# who runs 20' wide or larger push boxes?



## Ramairfreak98ss (Aug 17, 2005)

in nj, they're fairly uncommon. We have a 16' protech and 14' new Boss LDR box which is badA$$. The 14' can outdo the 16' standard box 2 to 1 easy in the end.

A contract bid for a college in NJ requires minimum, THREE wheel loaders and 20' or larger push boxes. No lot is larger than 400k sq ft wide open. I don't know why you'd ever have one so wide unless you're doing 700-1m sq ft enormous open lots.

Our 524k JD loader weighs 28k roughly and can still spin wheels at times pushing the 14' box. What weight machine would be the minimum for a 20 footer? Even a 544k deere is hardly bigger than ours, a 624k is bigger but still we're only talking 31-32k in weight, a 644k is much bigger, now were talking 38-40k in weight but you're into nearly 300k loaders by then. 

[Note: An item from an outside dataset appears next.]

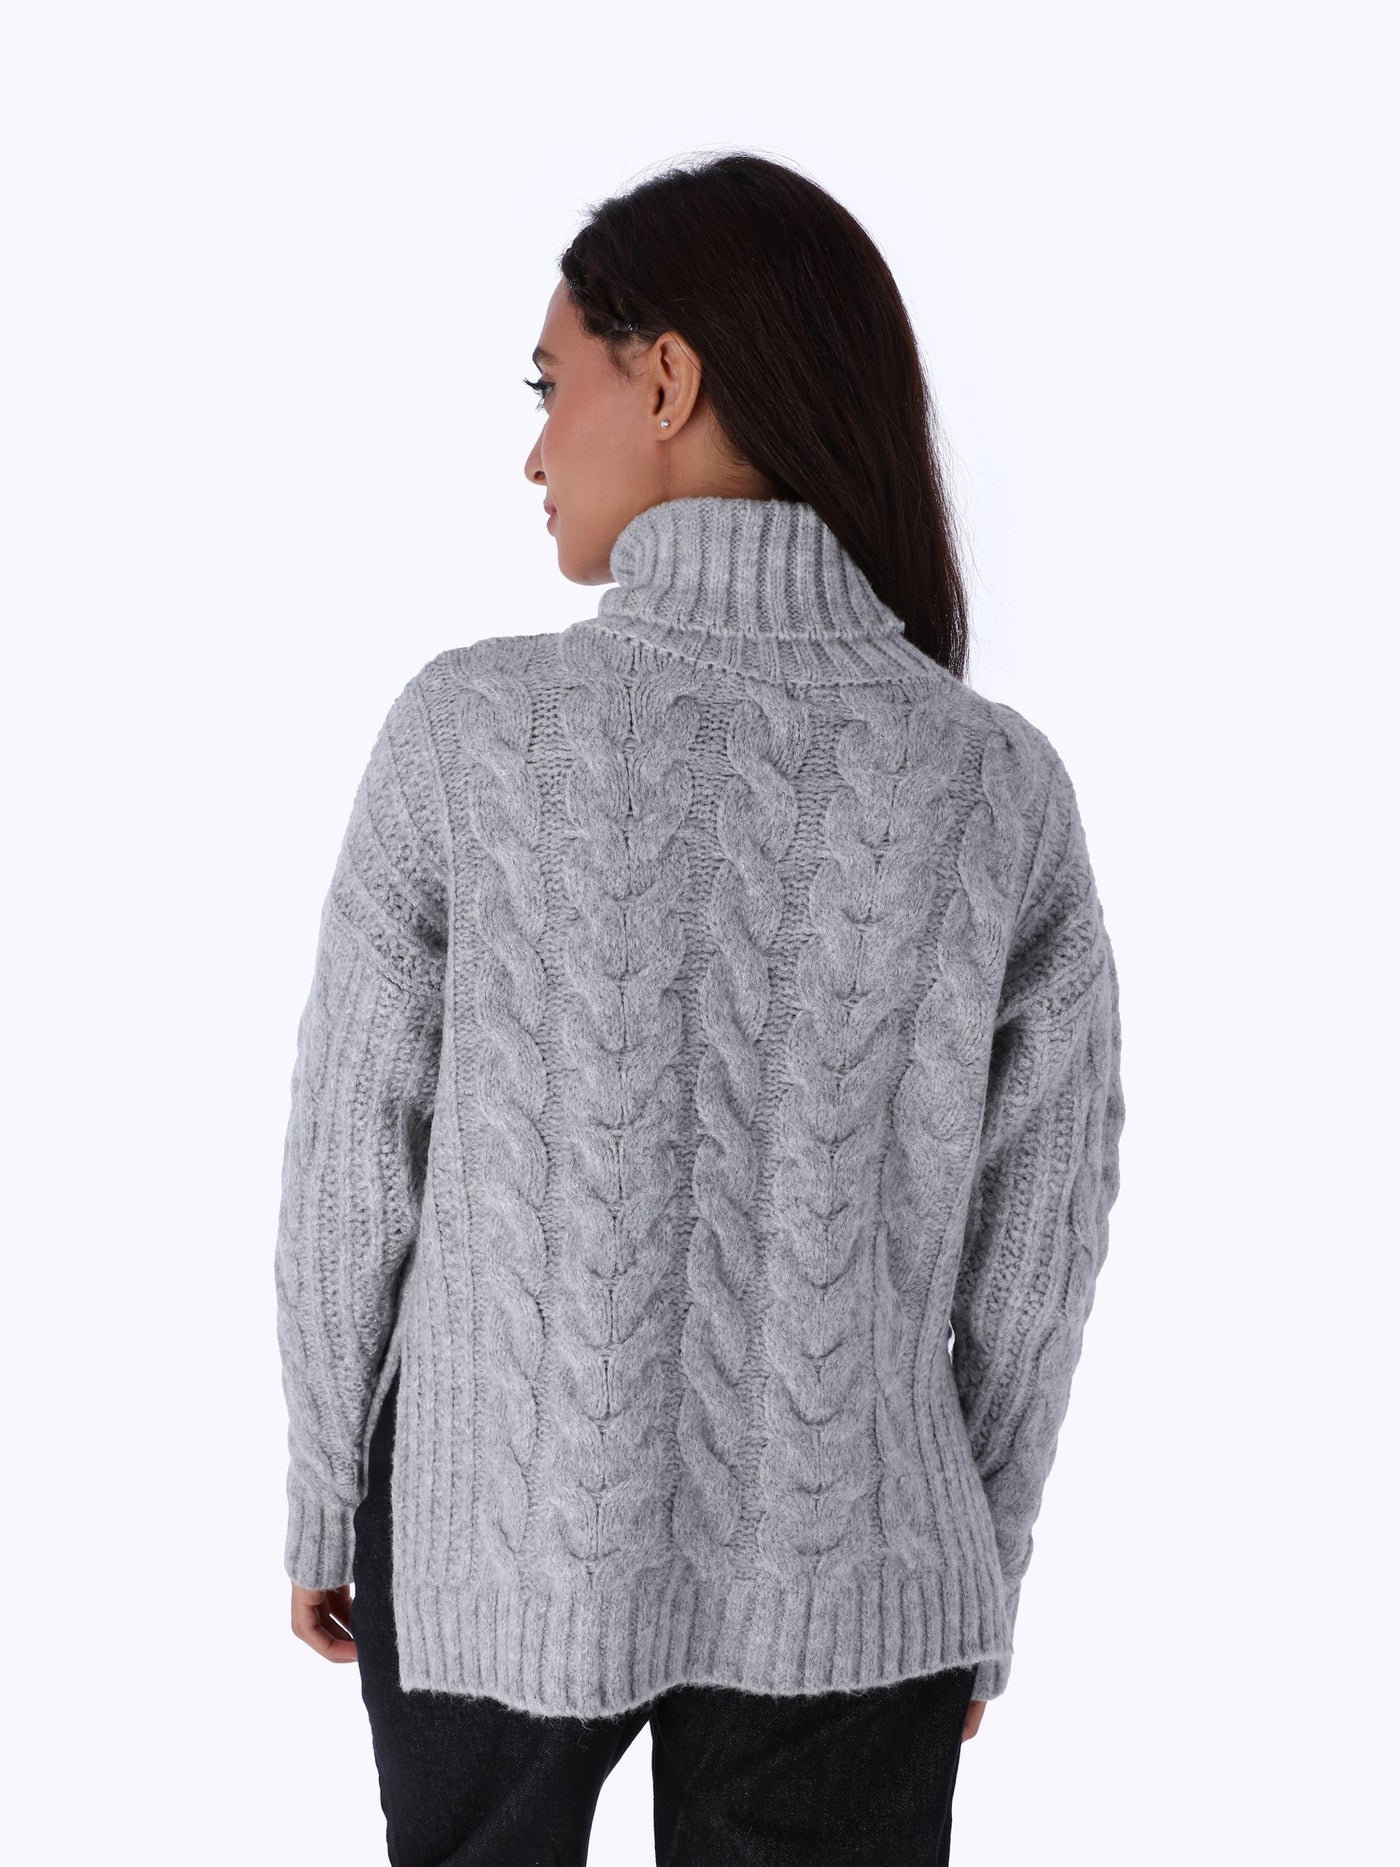 Knit Braided Pullover - Turtle Neck

Contract requires 3 wheel loaders, 20' boxes min, three skids 10' boxes, seven 1 ton or larger trucks with 8' minimum plows, and two trucks with bulk spreaders. We could handle the account if we wanted to not take on some smaller jobs we do each season, but three loaders would be astronomical in cost to buy/rent/lease. I havn't seen a 20' box parked at even mall parking lots for years now. 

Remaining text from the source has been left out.